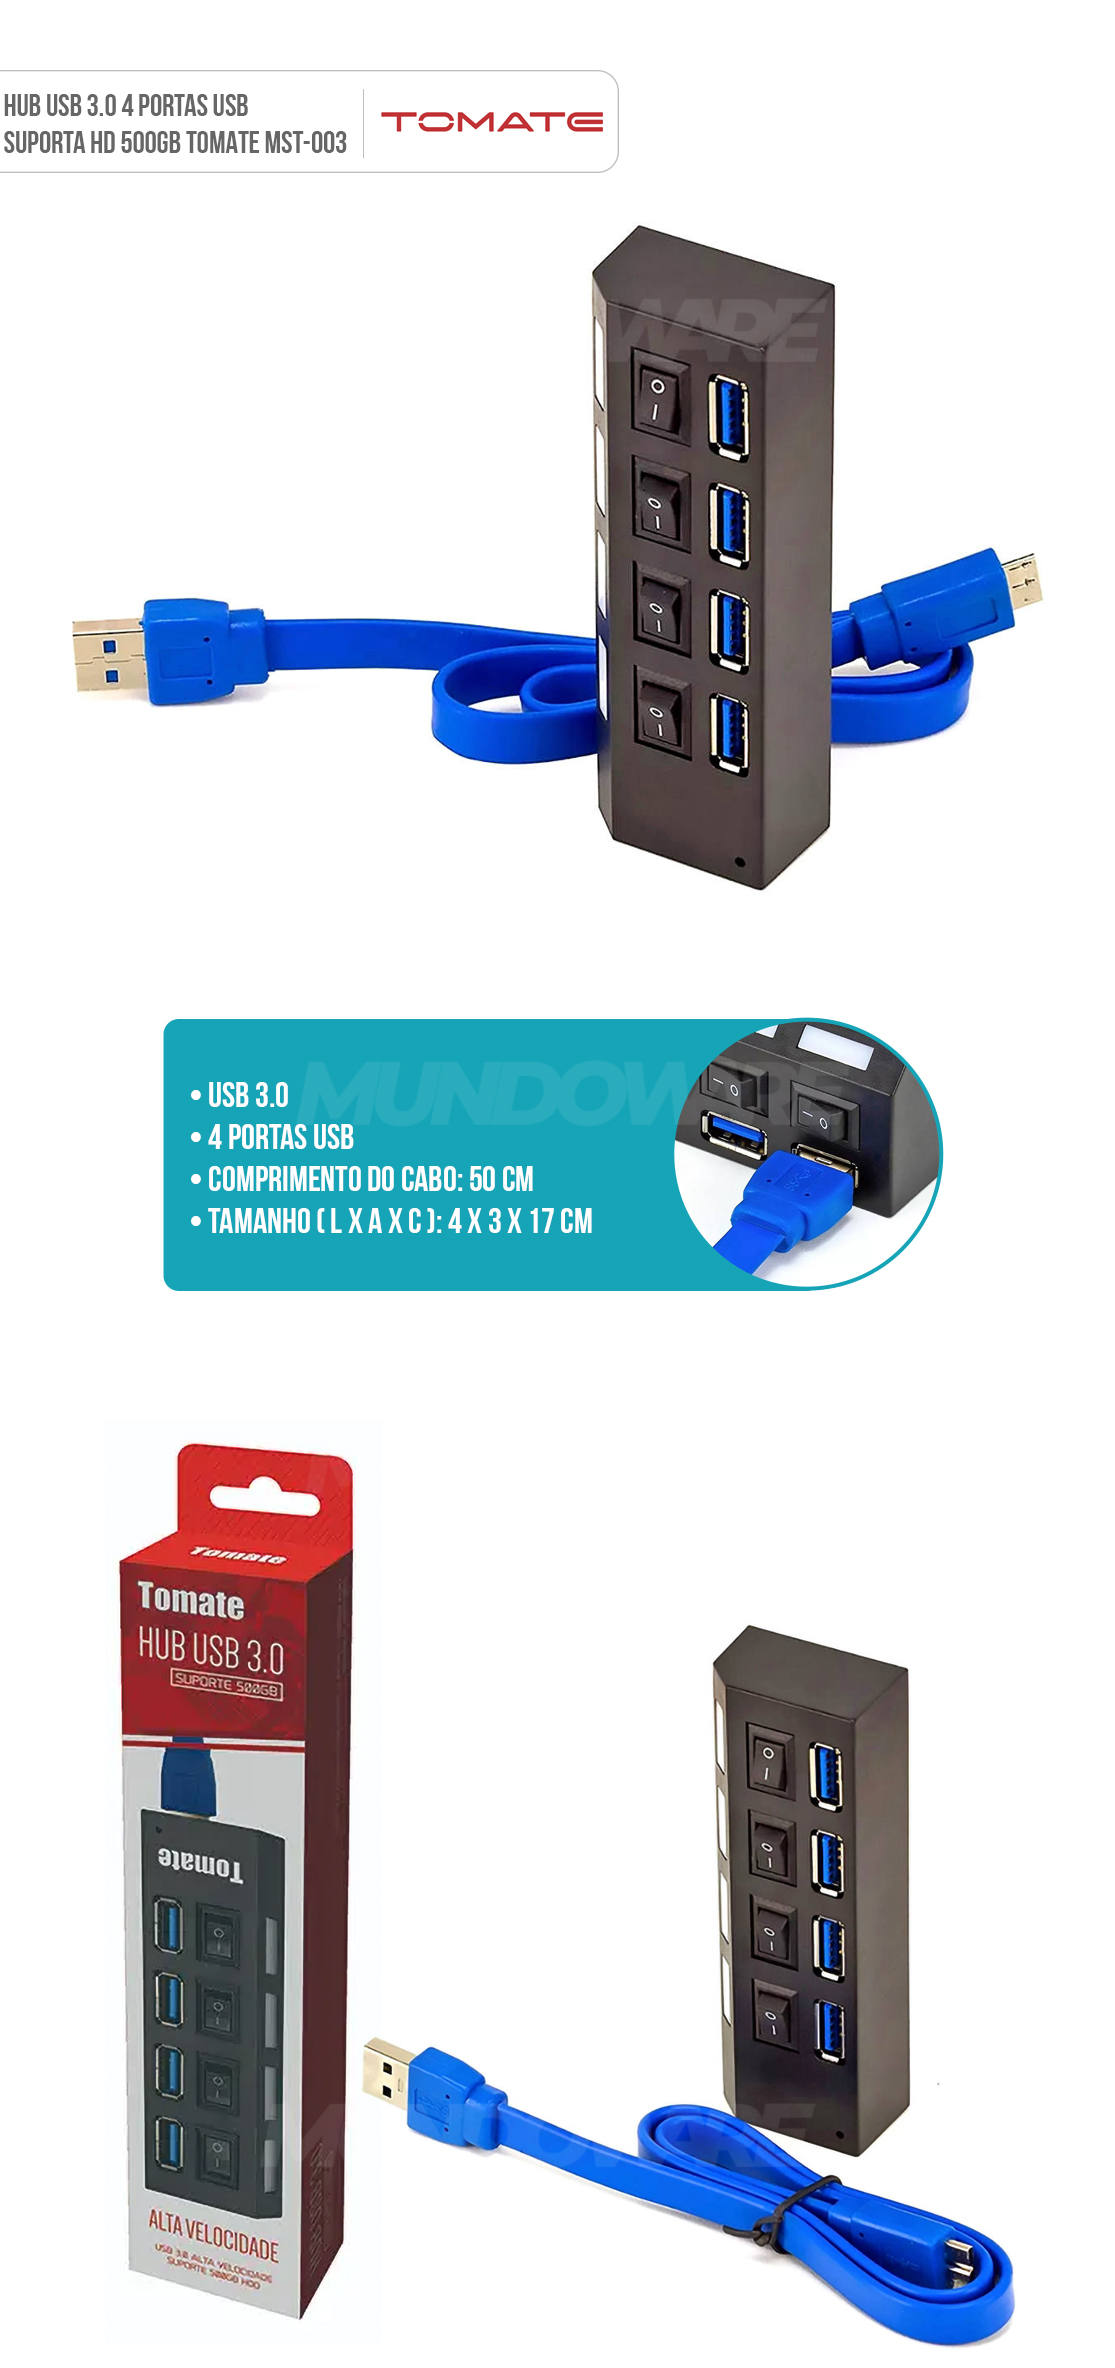 Hub USB 3.0 4 portas USB com Led Indicador e Botão On/Off Individuais Suporta HD 500GB Tomate MST-003
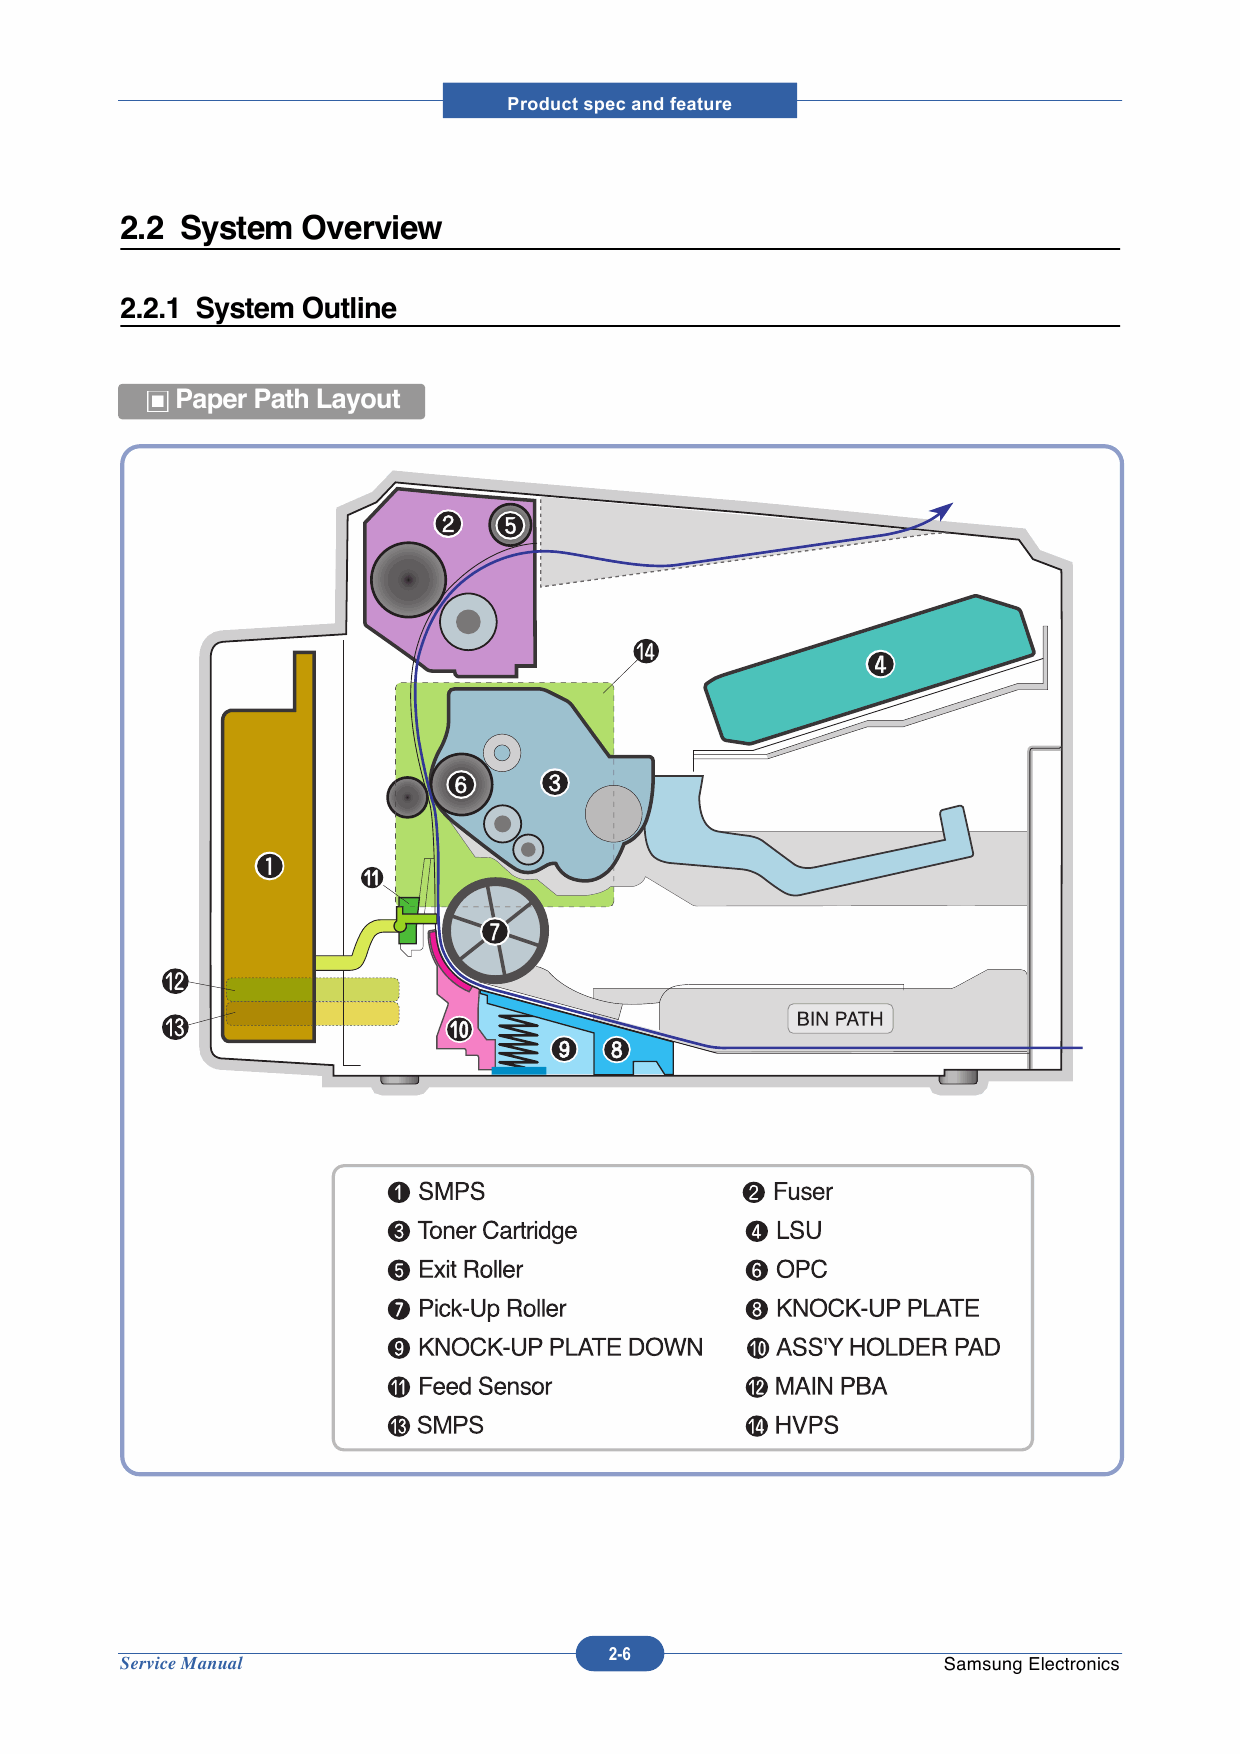 Samsung Laser-Printer ML-1640 2240 Parts and Service Manual-2
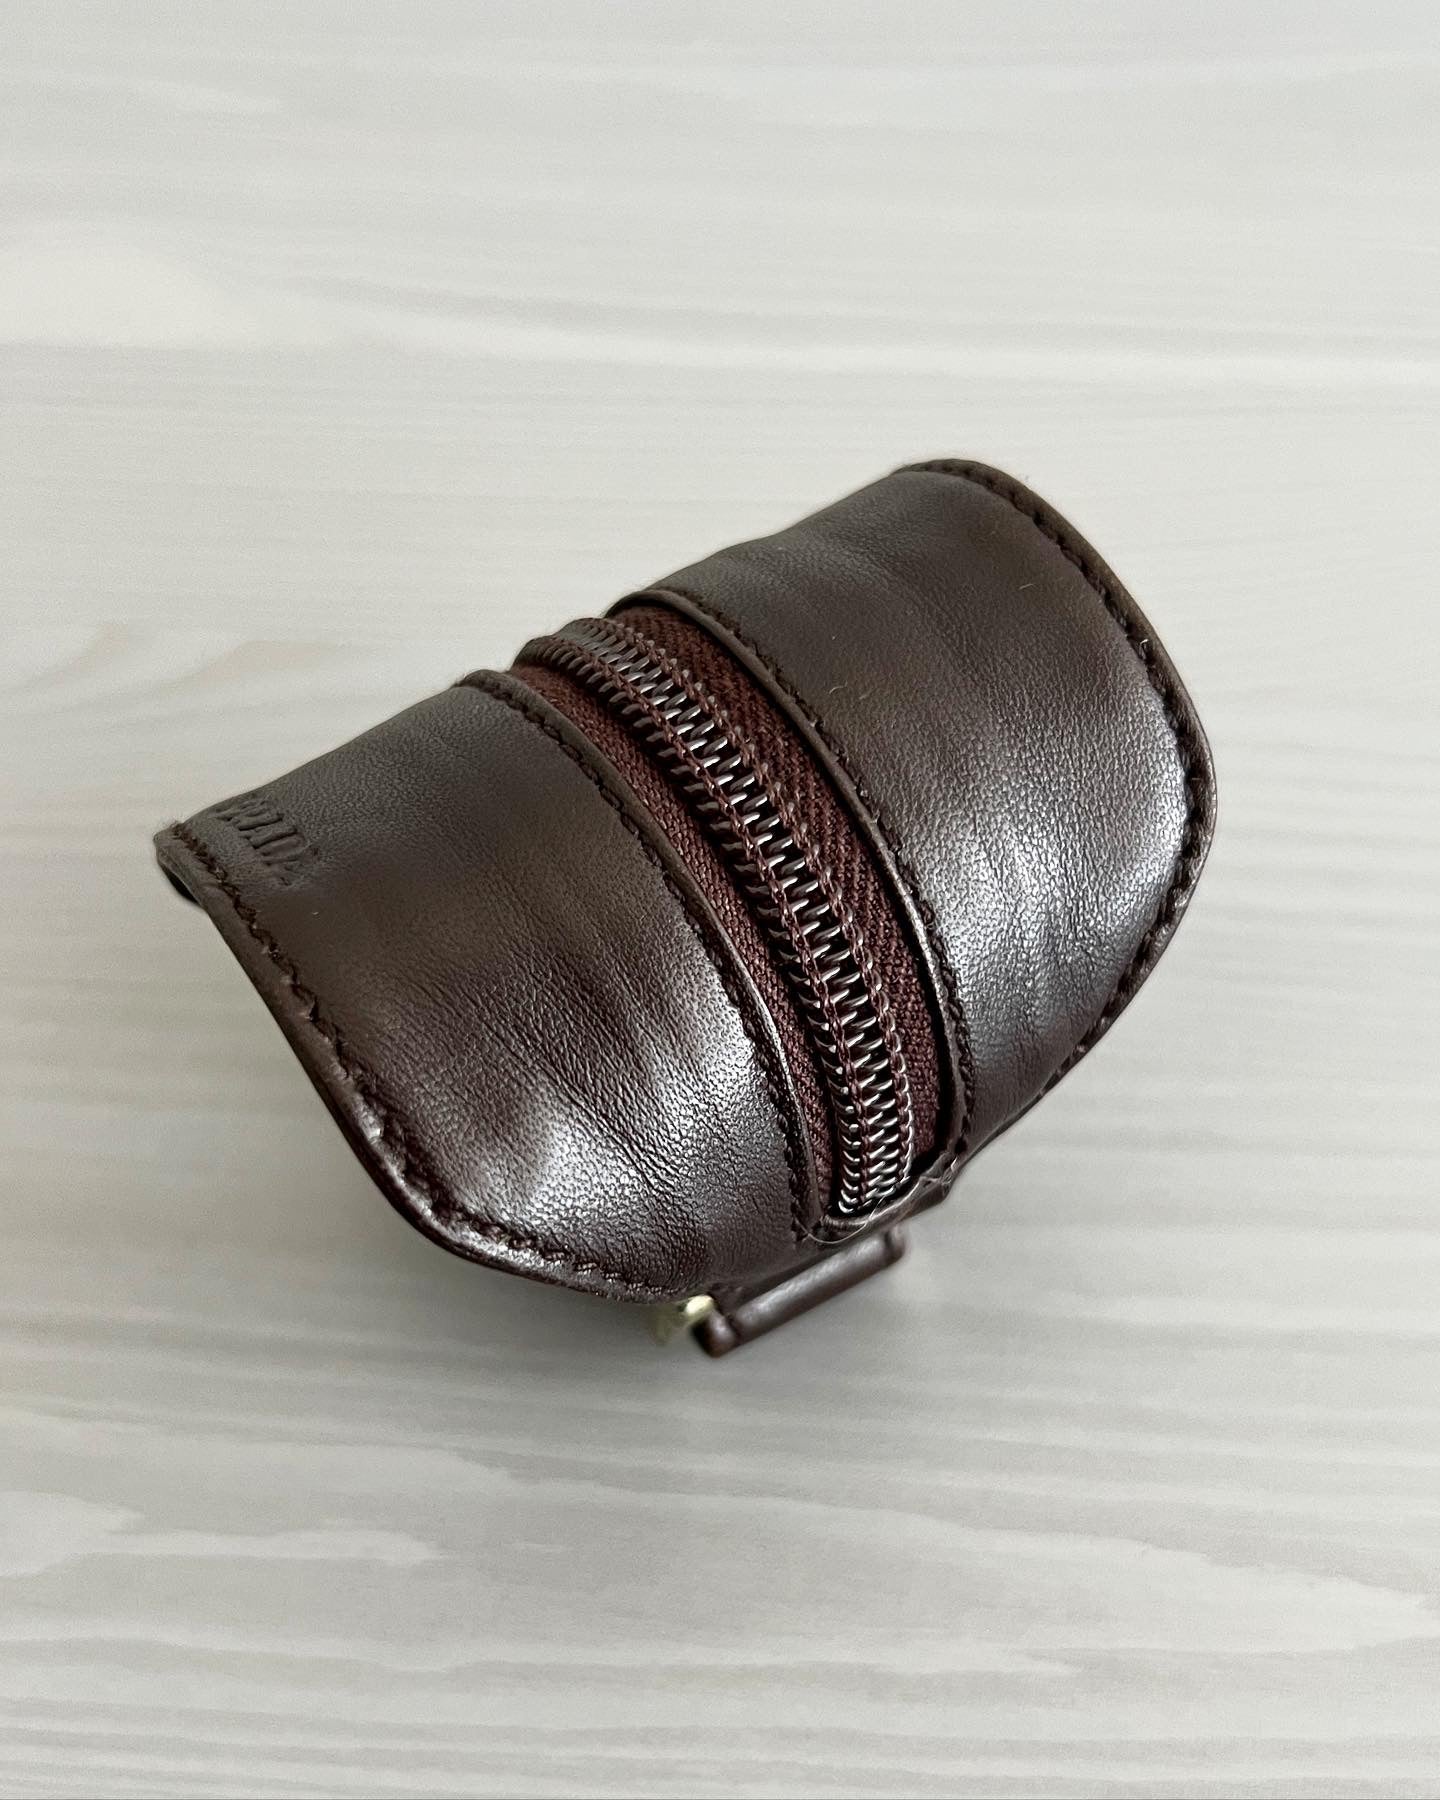 Prada Early 2000s Leather Wrist-Bag

━━━━━━━━

Everything in the listing above is to be given again exactly, apart from the pictures.

* [REPLY TO THE TASK]
 Hub USB 3.0 4 portas USB com Led Indicador e Botão On/Off Individuais Suporta HD 500GB Tomate MST-003
 Samsung Laser-Printer ML-1640 2240 Parts and Service Manual-2
 Prada Early 2000s Leather Wrist-Bag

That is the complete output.